Which City Is Right for Which Buyer Profile?

Aurora fits: Established families, executive professionals, private-school-prioritizing households. Buyers here accept premium pricing ($1.158M median) in exchange for neighbourhood stability, private education options, and proximity to downtown Toronto. Typical profile: $150K+ household income, children in or entering private school, 25+ year career tenure in Toronto professional sector.

Newmarket fits: Ontario escapees optimizing for value, Southlake medical professionals, upsizers from downtown Toronto. At $1.012M median, Newmarket offers $146K savings versus Aurora while retaining suburban stability and superior Highway 404 access. Typical profile: $120K–$150K household income, young-to-mid-career professionals, public-school preference, willingness to drive to downtown Toronto for work (Highway 404) or accept 45–50 minute GO commute.

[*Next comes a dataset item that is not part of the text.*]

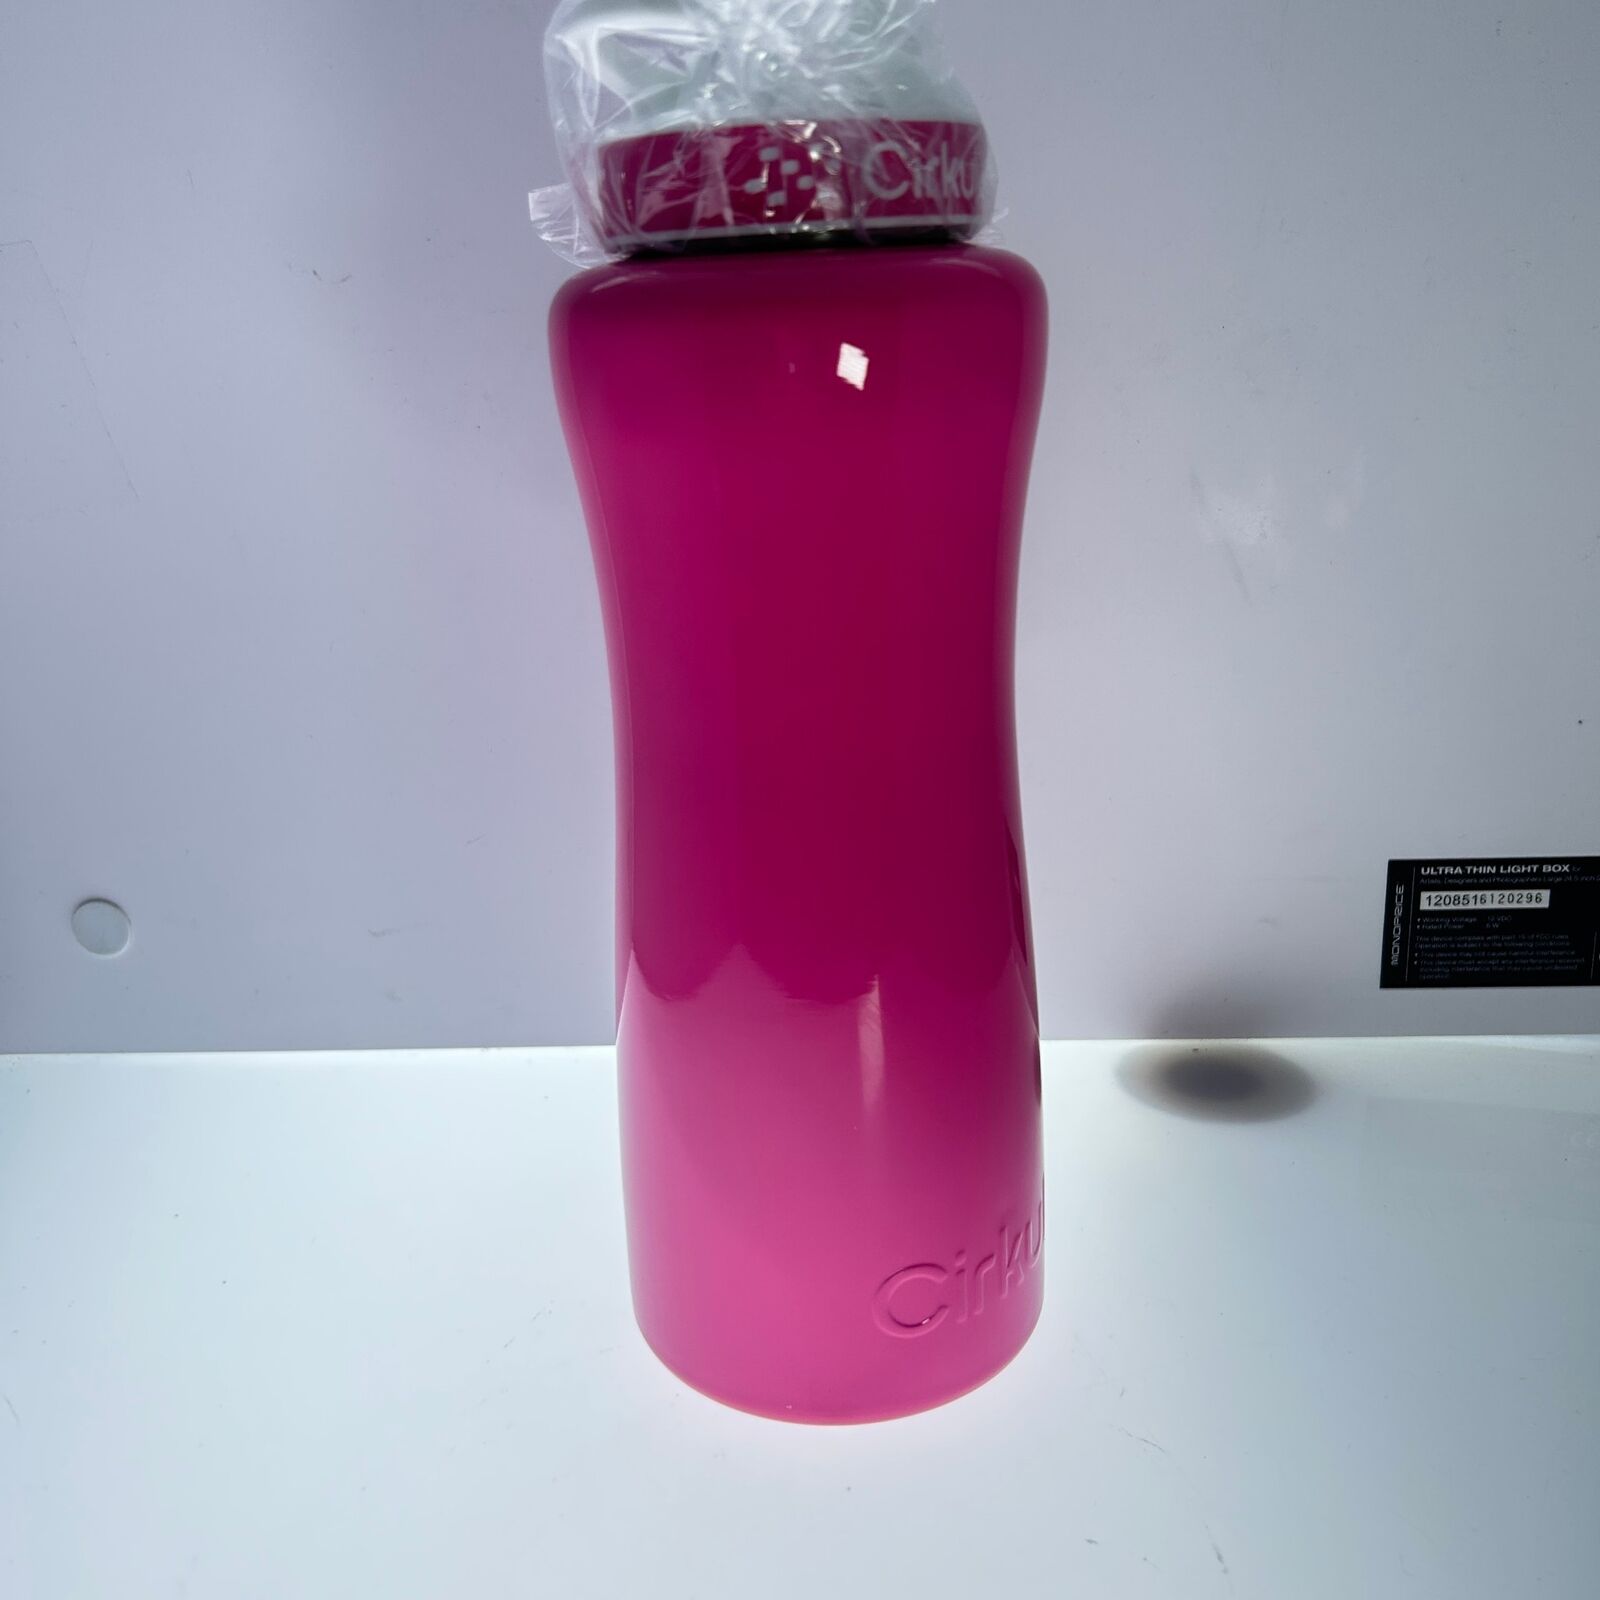 Cirkul Purple Stainless Steel Water Bottle With Purple Grip Lid

East Gwillimbury fits: Young families maximizing square footage, parents in elementary/early-secondary school stage, long-commute accepters. At $1.05M–$1.15M median but with 2010s–2020s stock, buyers acquire newer homes with lower maintenance risk. Typical profile: $110K–$140K household income, children under age 12, flexible work arrangements (hybrid/remote), seeking maximum modern-built space for dollar.

Commute Math: GO Trains and Highway 404 Access

Commute economics often justify price differences between these three cities.

Aurora: GO Aurora station, 30 km south of city, offers 42–50 minute express service to downtown Toronto. For office workers (3 days/week in office), the station is convenient. However, Aurora sits farthest south of the three cities—GO access is available but not central to most residential areas. Highway 404 is accessible but via single interchange; gridlock on northbound 404 during peak hours (7–9 am, 4–6 pm) can extend commutes to 60+ minutes.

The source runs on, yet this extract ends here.